## Exercise prompt
A faithful transcription of all the data, images excluded, is the required answer.

## Data section
------

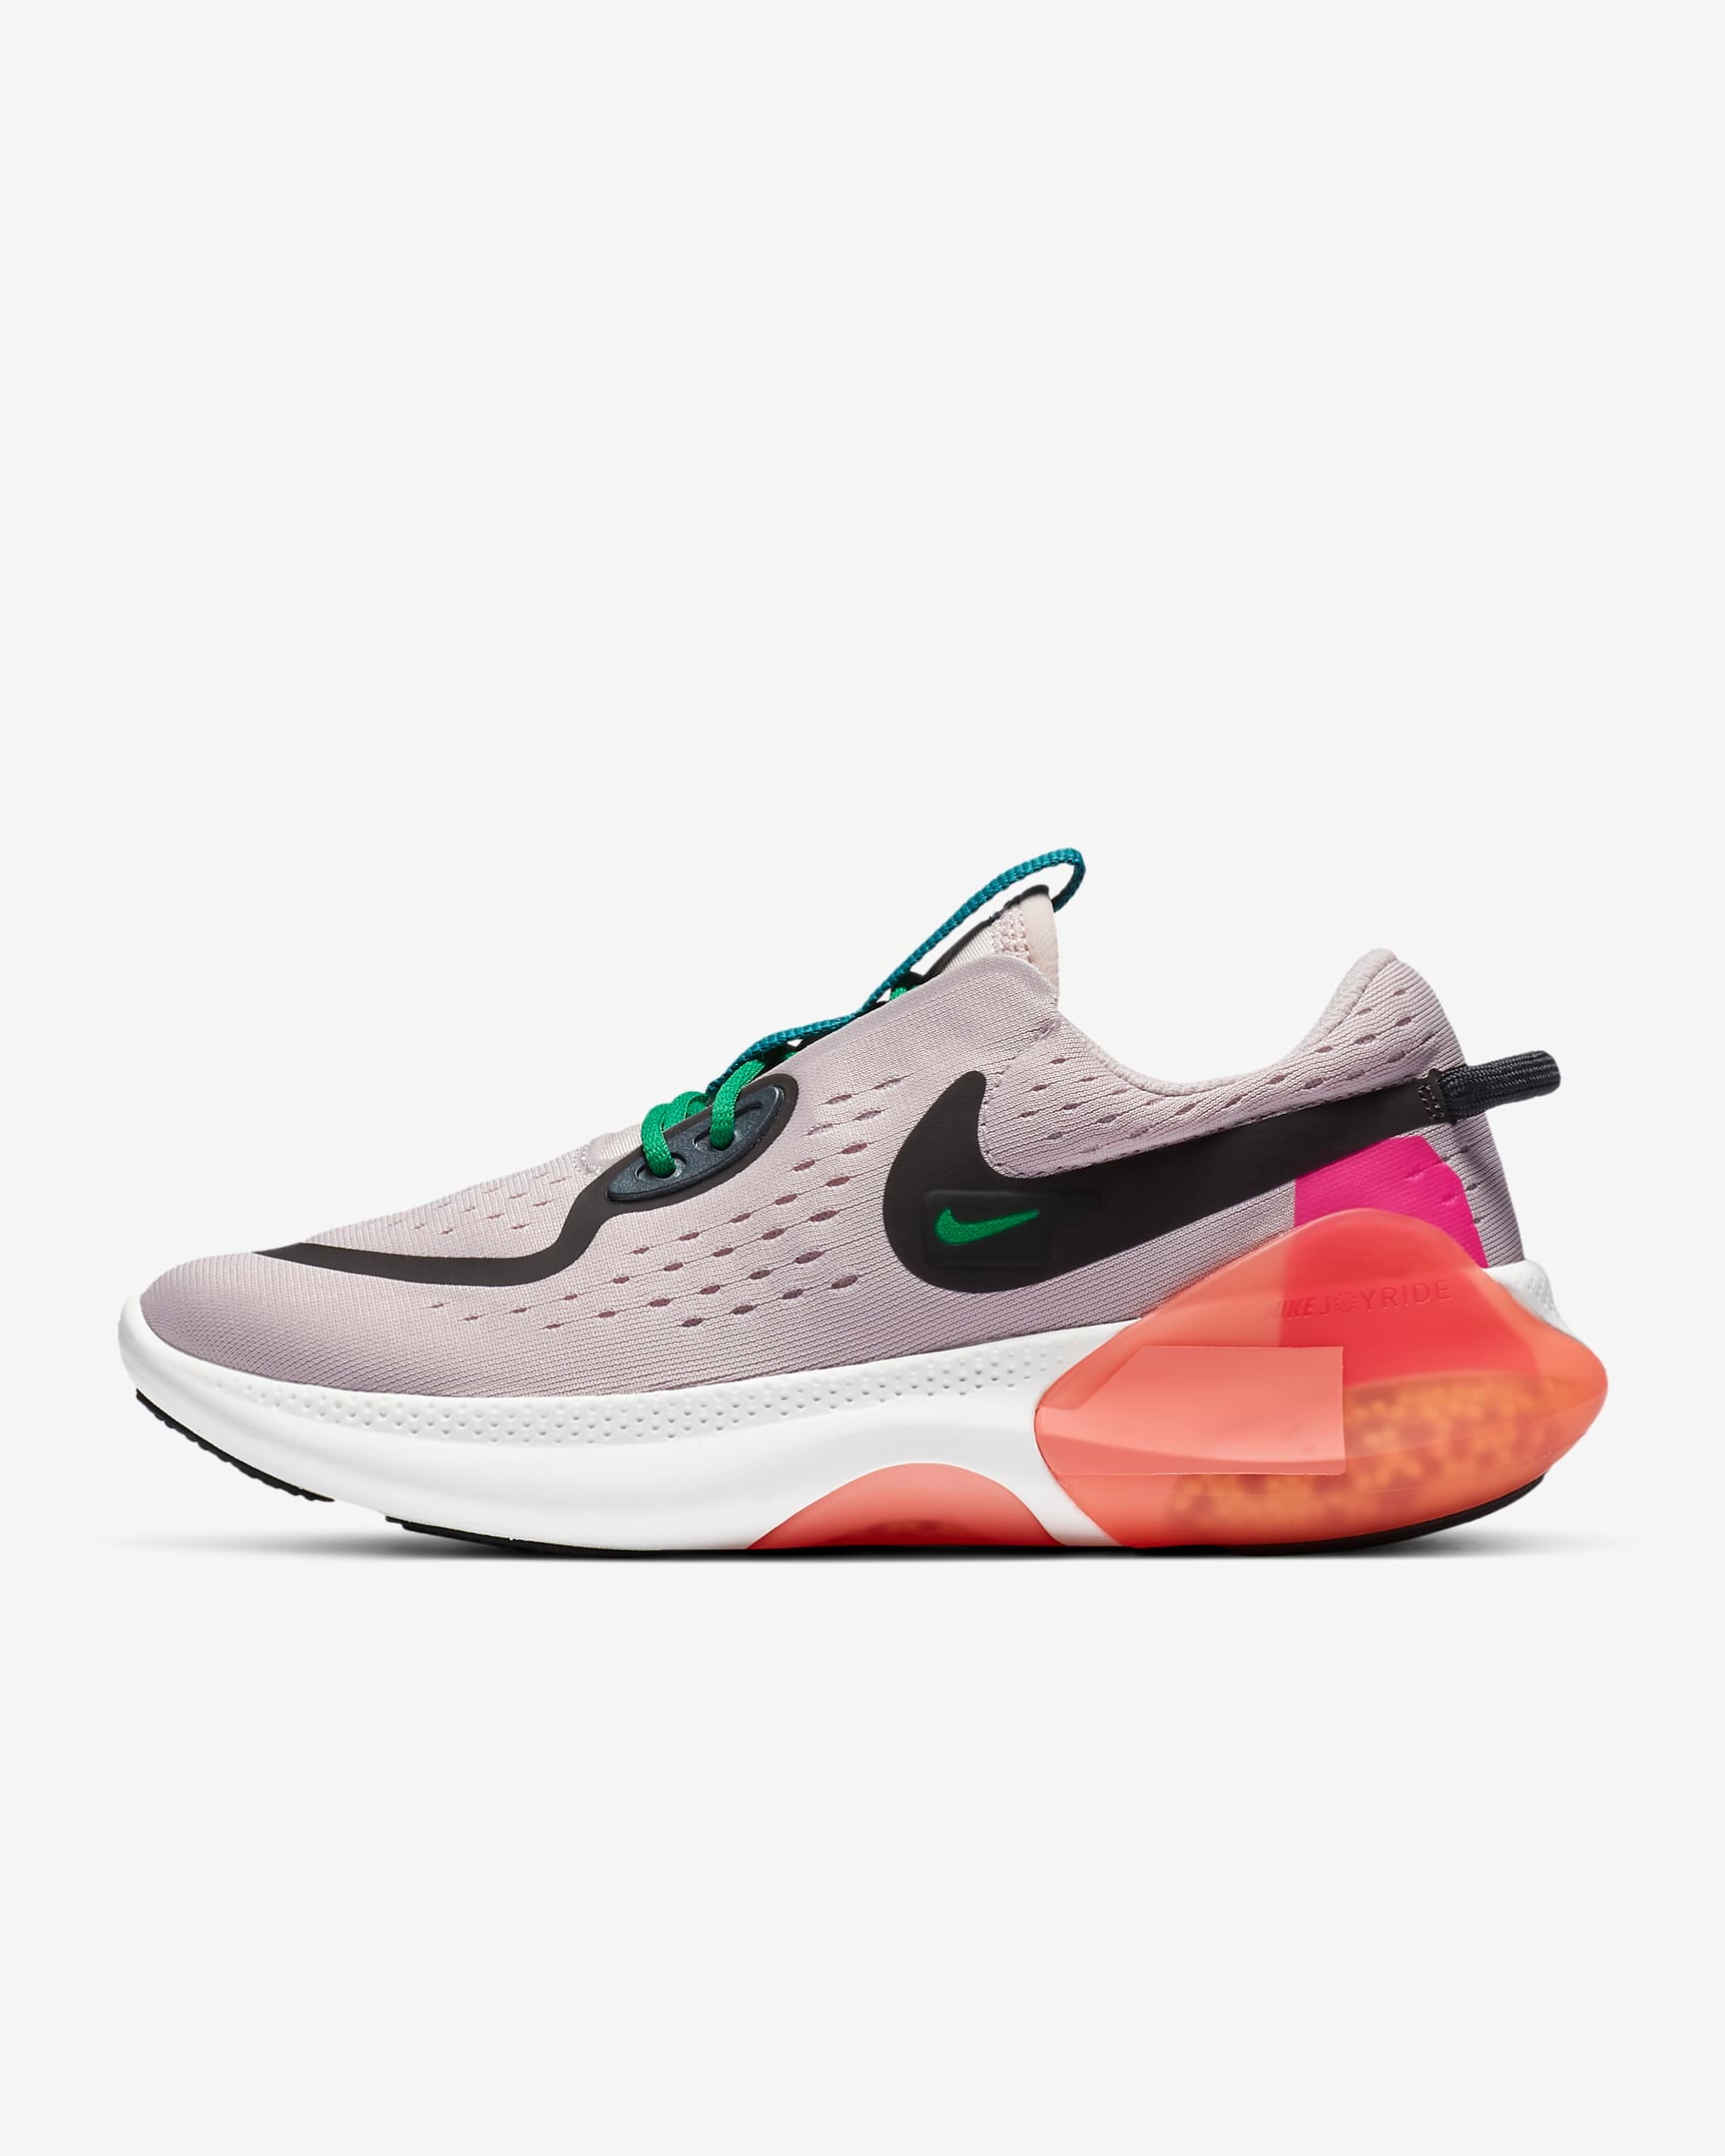 Nike + Joyride Dual Run Premium Running Shoe
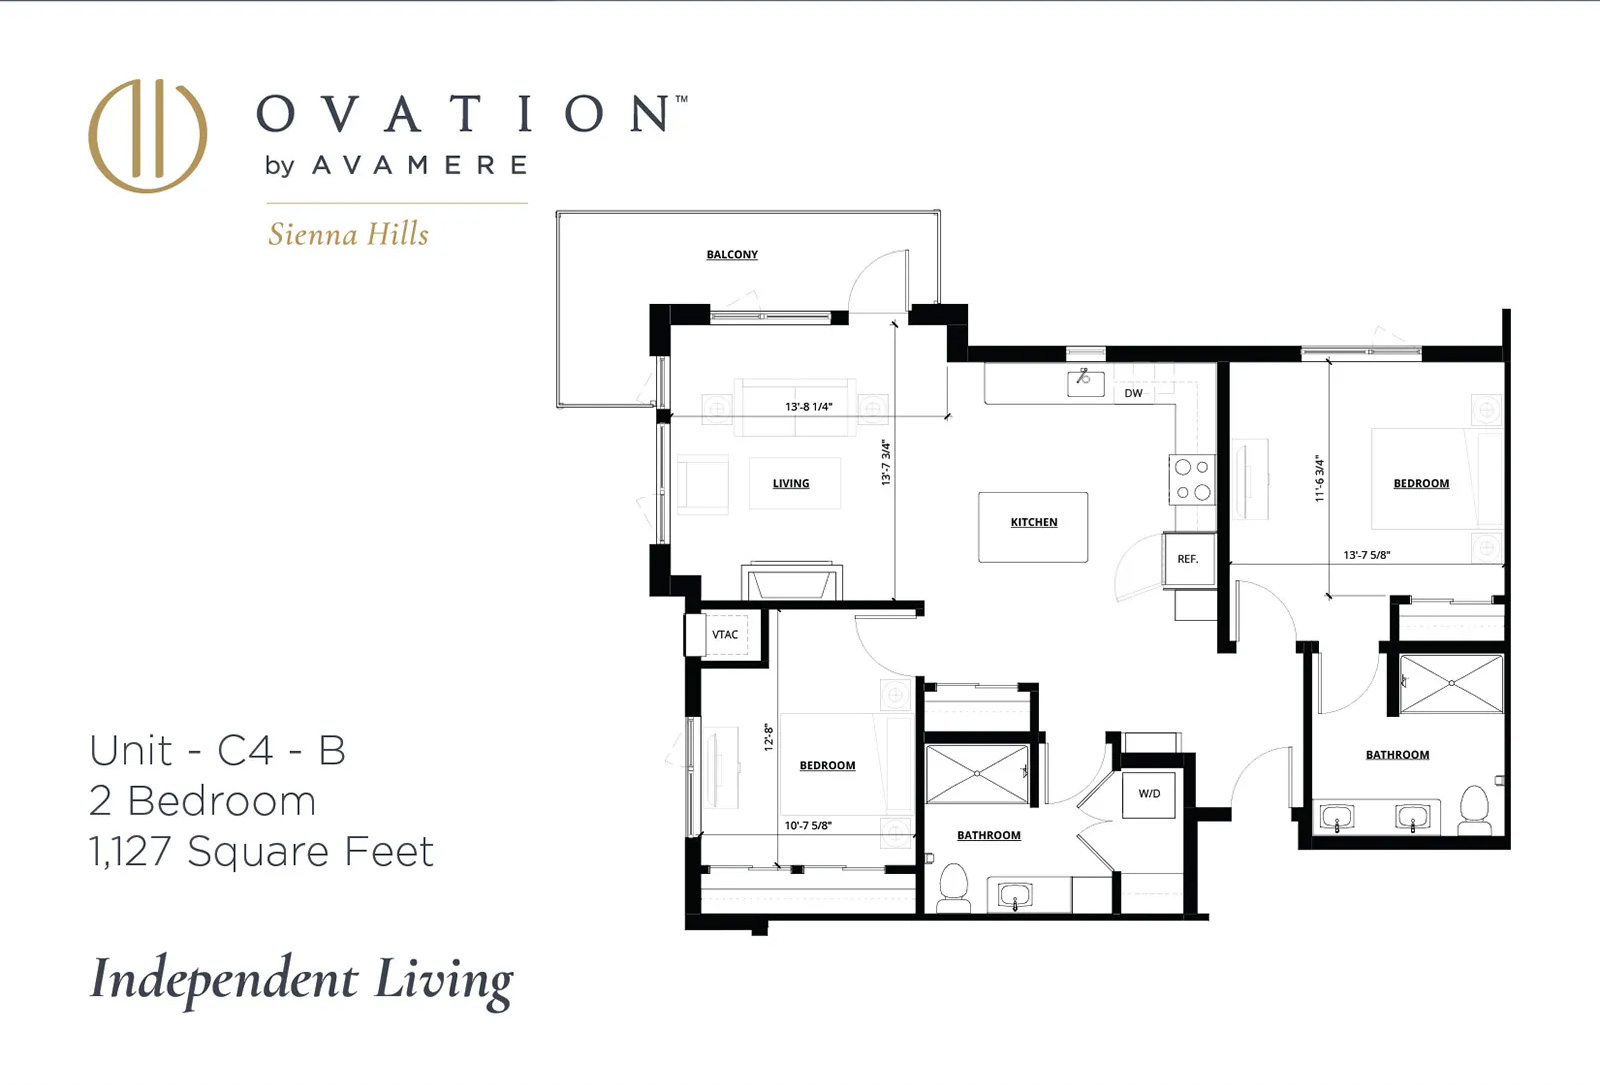 Ovation Sienna Hills Independent Living Floorplan 2 Bedroom 1127 sq ft
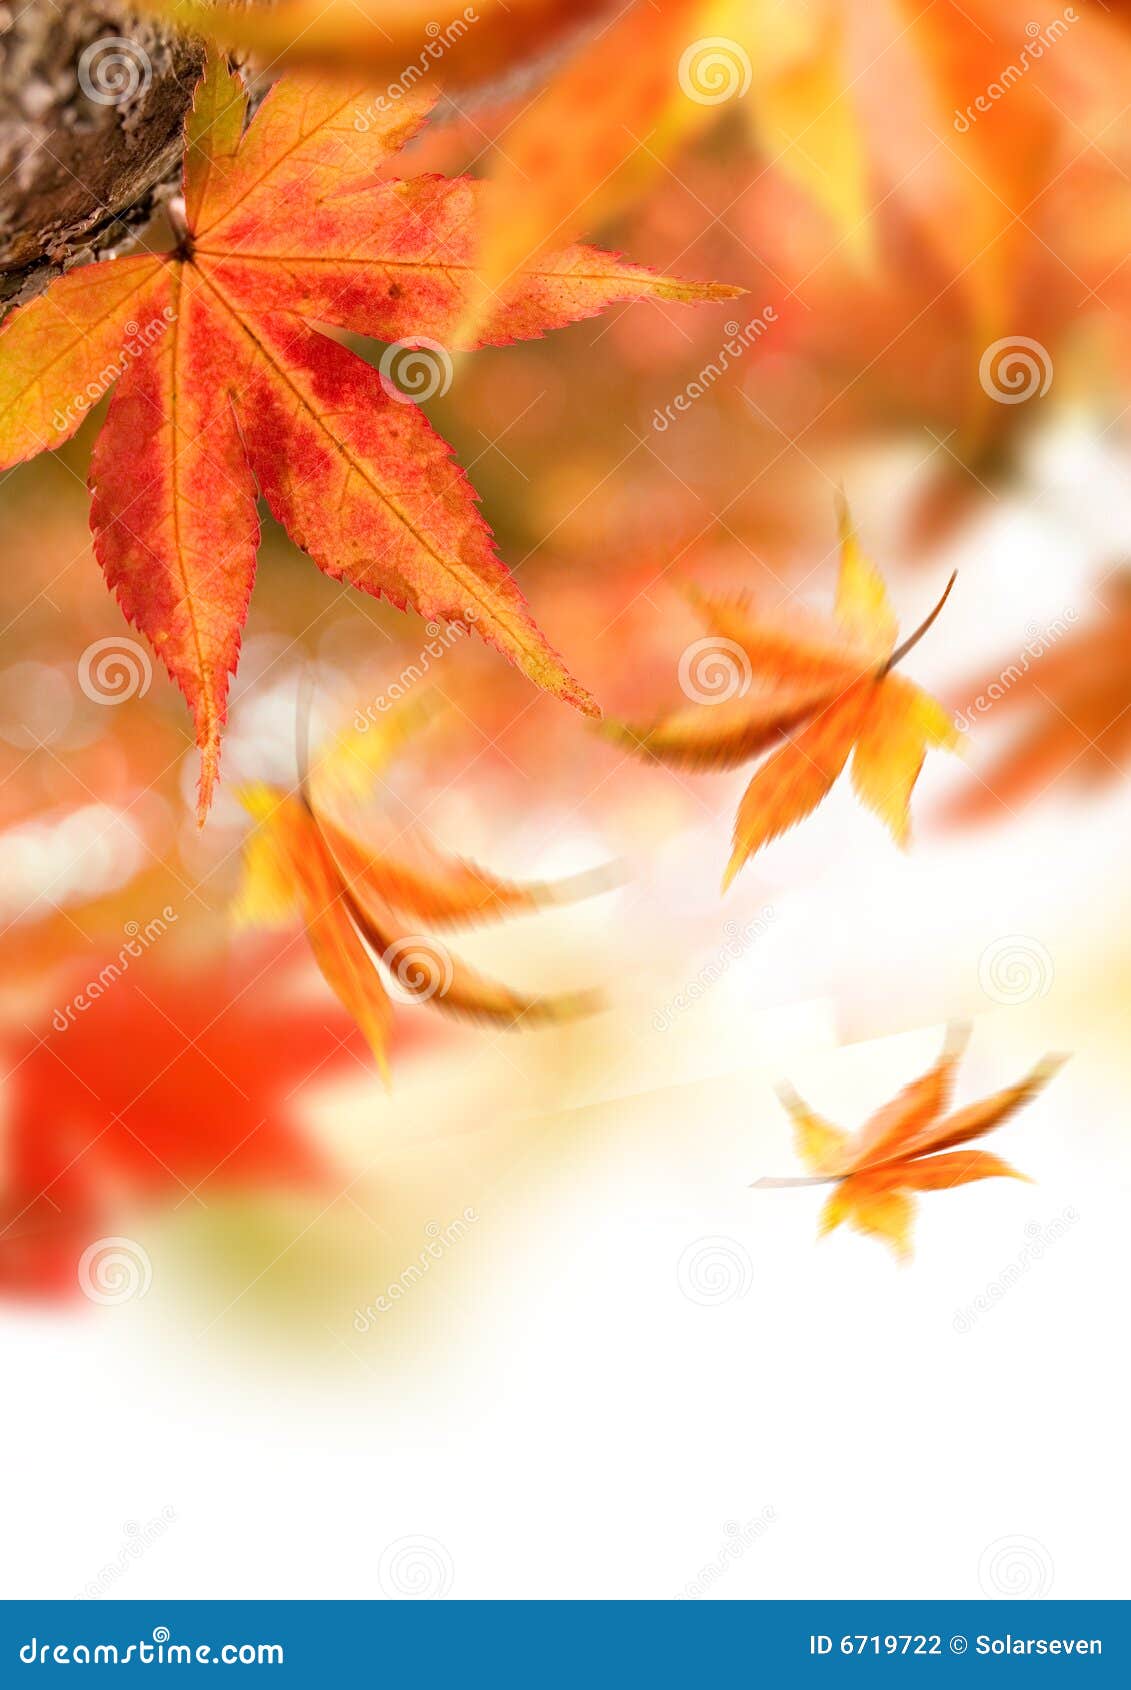 Autumn Falling Leaves stock photo. Image of autumn, outdoors - 6719722

------

## Answer for this exercise
 Nike + Joyride Dual Run Premium Running Shoe
 Ovation Sienna Hills Independent Living Floorplan 2 Bedroom 1127 sq ft
 Autumn Falling Leaves stock photo. Image of autumn, outdoors - 6719722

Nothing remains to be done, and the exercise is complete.